By Clemens Bleile
I had a discussion with a customer recently about the risk of running into an issue with ransomware encrypting data of Oracle databases. Just to quickly recap on what ransomware is:
Wikipedia: Ransomware is a type of malware from cryptovirology that threatens to publish the victim’s personal data or perpetually block access to it unless a ransom is paid. While some simple ransomware may lock the system without damaging any files, more advanced malware uses a technique called cryptoviral extortion. It encrypts the victim’s files, making them inaccessible, and demands a ransom payment to decrypt them.
In the last years ransomware has become more perfidious by
– searching for backups to encrypt them as well, because restoring non-infected backups were the only resolution in the past to ransomware encrypted data if you do not want to pay the ransom
– stealing sensitive data and then blackmail the victim to publish the stolen data if no ransom is paid
So how can you protect your database proactively to prevent becoming a victim of a ransomware attack?
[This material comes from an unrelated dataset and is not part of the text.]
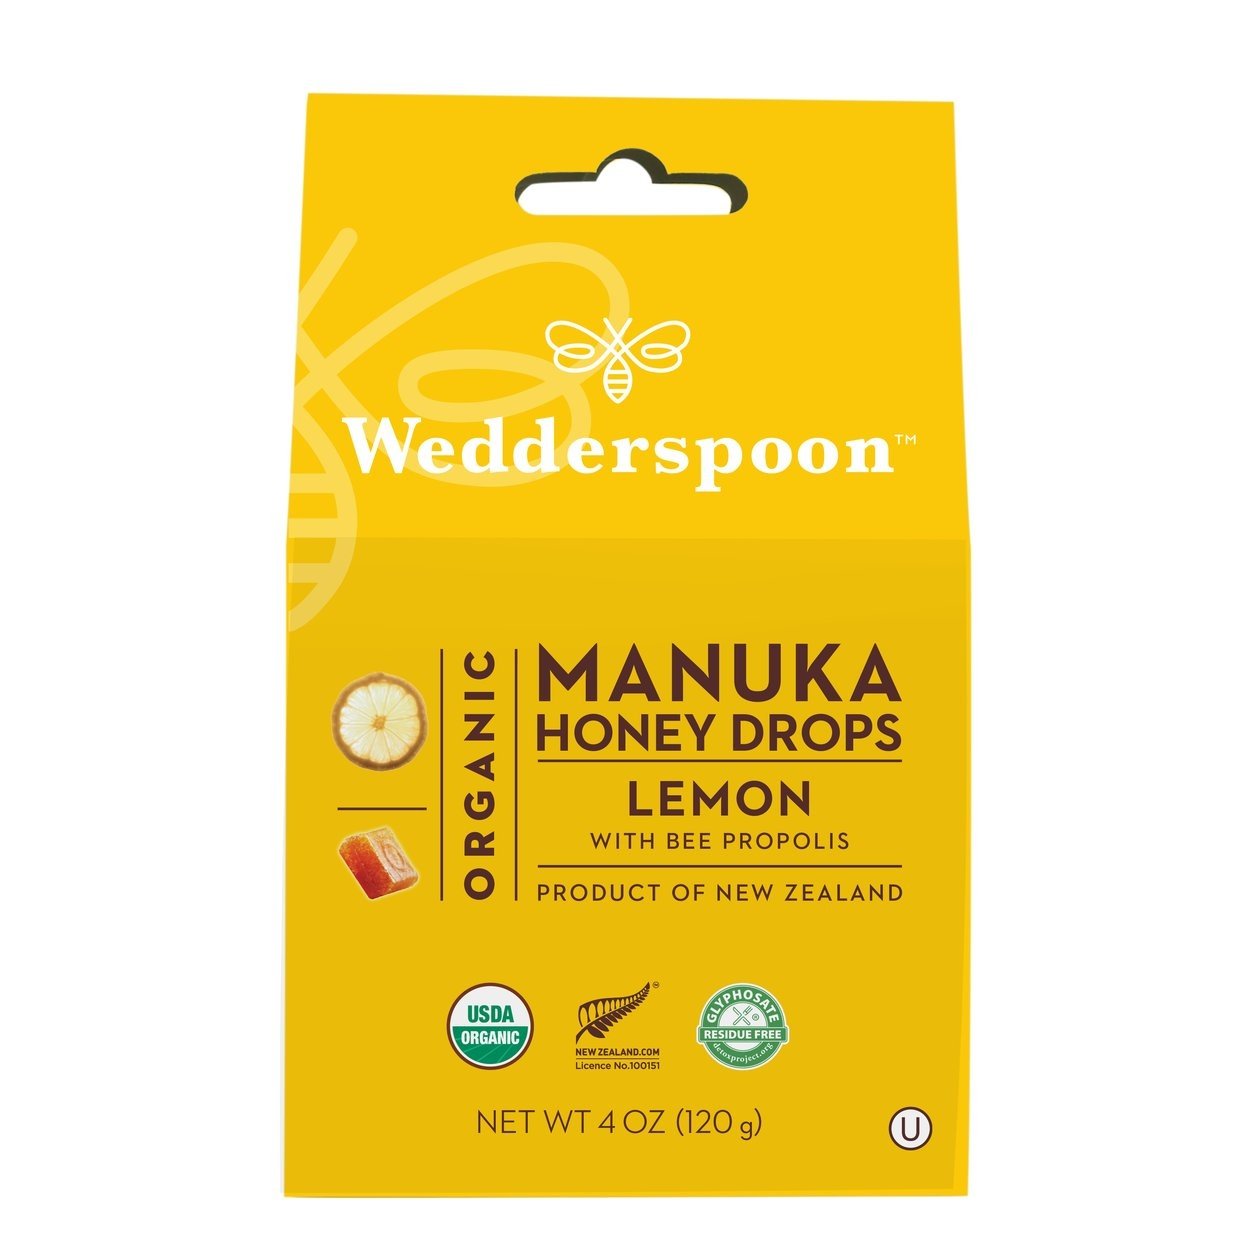 Wedderspoon - Manuka Honey Drops - Lemon w/ Bee Propolis - 120g
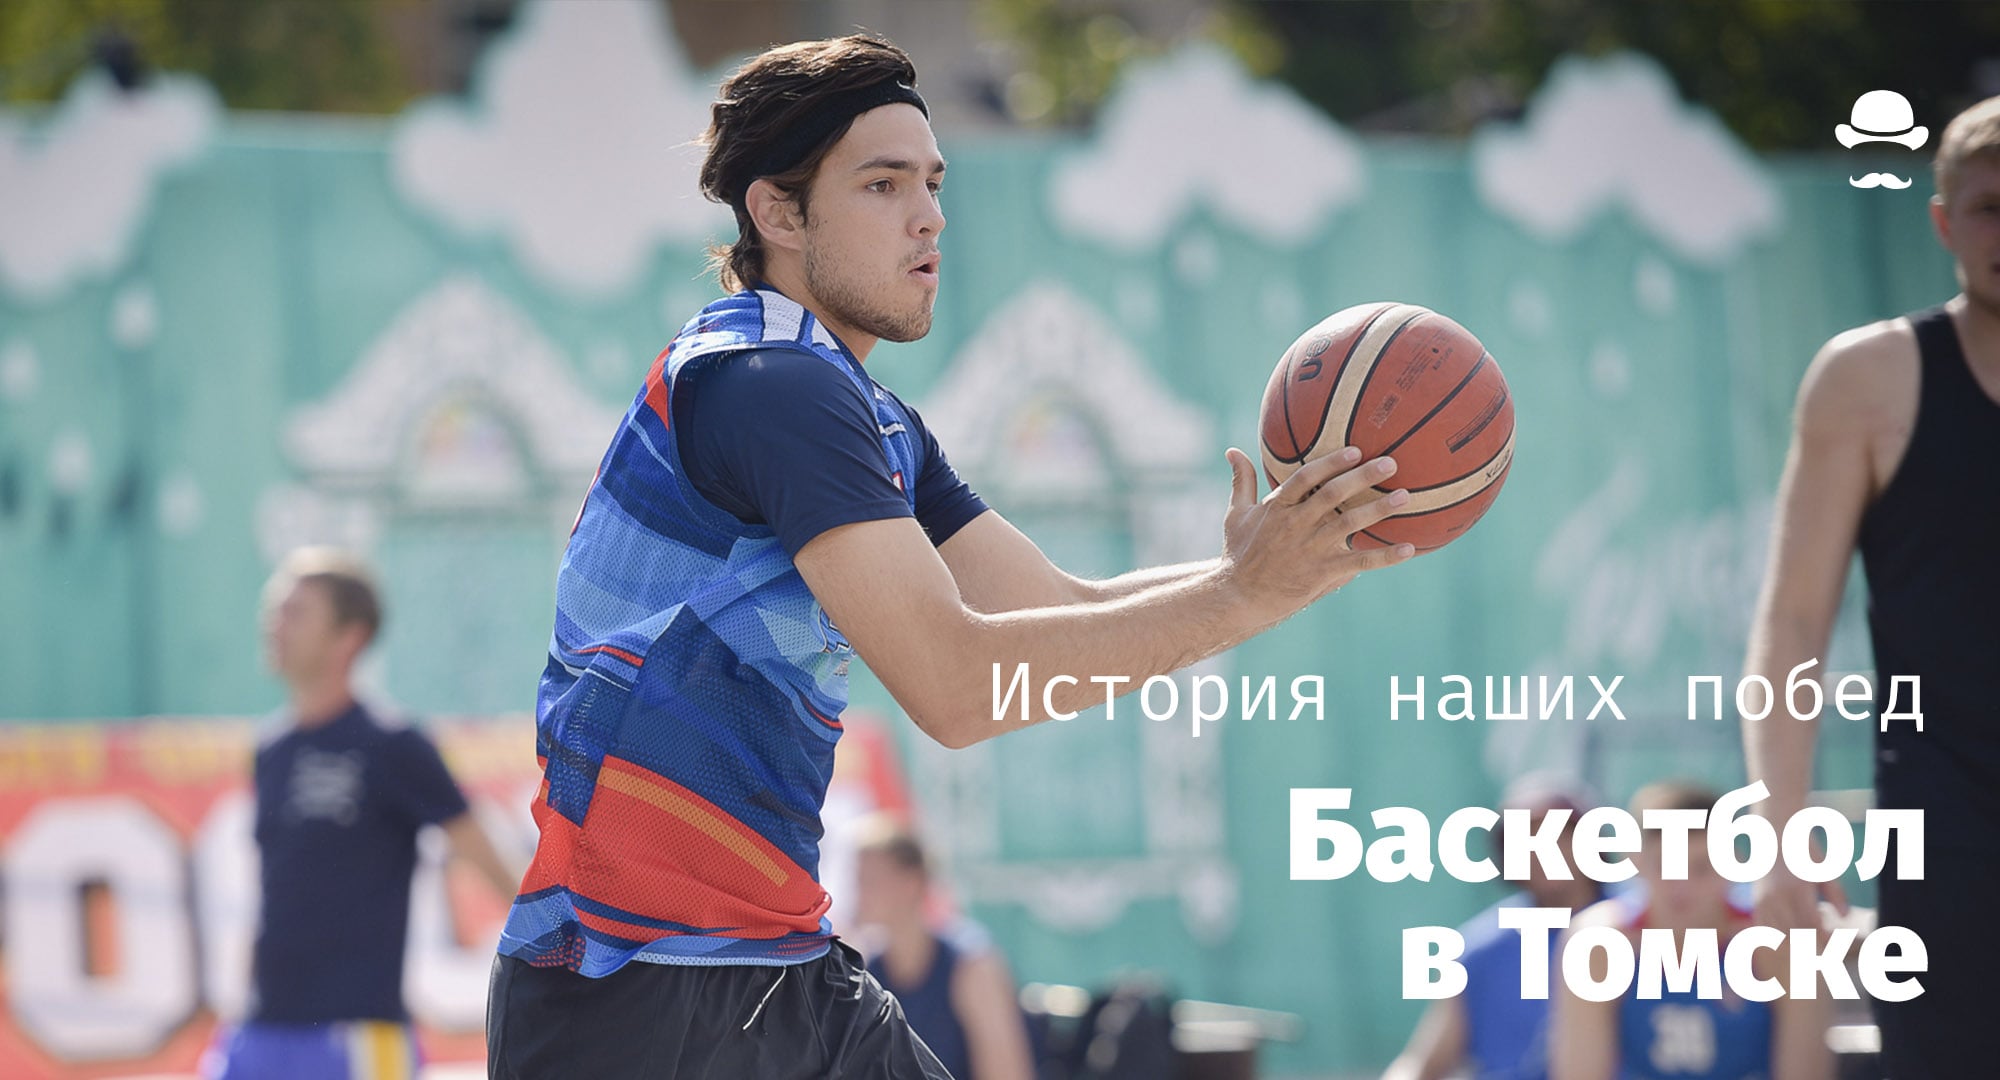 История наших побед, Спорт, Спорт в Томске, История наших побед. Баскетбол: спорт не только для великанов

The following list is not complete, but should give an idea on what an Oracle DBA may proactively do:
1. Protecting the data from becoming encrypted
It is very unlikely that a ransomware uses Oracle functionality to connect to a database. In almost all cases the ransomware tries to find data on filesystems or on block devices to encrypt it through normal reads and writes.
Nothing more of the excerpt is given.